1. Hubo un tiempo en que aquella grieta amorfa era la única conexión
posible entre el mundo y yo, entre la vida y mi lenta muerte. El universo
cobraba otra dimensión y lo que antes pasaba enteramente
desapercibido, ahora se tornaba en razón para vivir. Y los recuerdos
vienen al vuelo:
- Compañero, ándate con cuidado, la cosa está alborotada con lo del
Capitán Pinto- dijo Mendoza -.
- ¡Tranquilo quiboreño, yo veo como resuelvo!, pero necesito encontrarme
con los compañeros de la célula y ver como salimos de este berenjenal- dije
en tono áspero.
- ¿Tú como que te estás asustado? - le recriminé -.

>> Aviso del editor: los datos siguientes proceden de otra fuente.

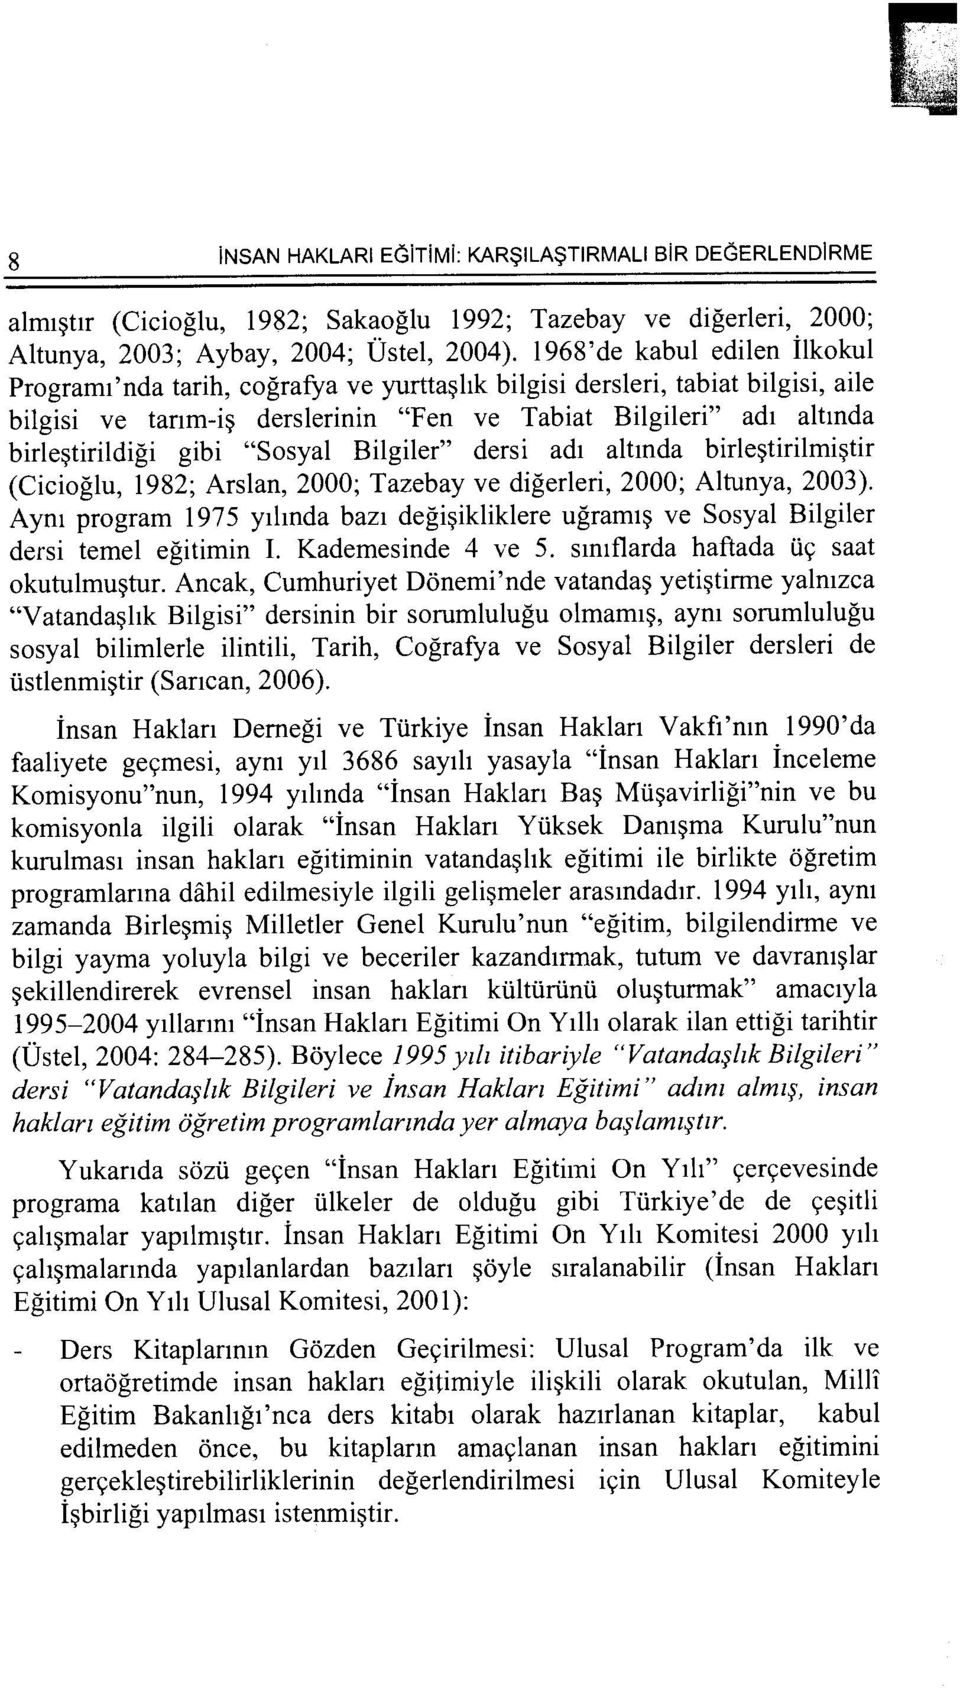 "Sosyal Bilgiler" dersi ad1 altmda birle~tirilmi~tir (Cicioglu, 1982; Arslan, 2000; Tazebay ve digerleri, 2000; Altunya, 2003).

- Deja de decir cosas que no son, ¿Qué te pasa?,
yo de que me las juego me las juego, ¡cuenta con eso!-
- Ok, cuento contigo entonces compañero, ahí nos vemos.
2. Aquella noche calurosa previa al Domingo de Ramos, entré al viejo bar La
Rotonda y al fondo vi las caras de Belandria, el catire Guillermo, Larraín,
Genaro Márquez, Mendoza el quiboreño, Ortigoza y un flaco barbudo que
creo venía de Humocaro Alto.
Había un no sé qué en el ambiente aparentemente tranquilo abarrotado
de clientes, que me hacía sospechar una celada. Desde el portal, hice
señales enérgicas a los compañeros para que disolvieran la reunión y
emprendieran la huída. Casi al instante, todos se dispersaron y
desaparecieron en la espesa oscuridad.
De la nada apareció un hombre como de dos metros de alto, chaqueta
azul a pesar del sofocante calor de abril, y me apuntó con su arma:
-¡Quédate dónde estás!,- dijo el gigante de azul-.
- ¡Tranquilo mi sargento que se le puede disparar esa bicha!
- dije entre confianzudo y temeroso-.
Seis meses en terapia, luego el alta apresurada.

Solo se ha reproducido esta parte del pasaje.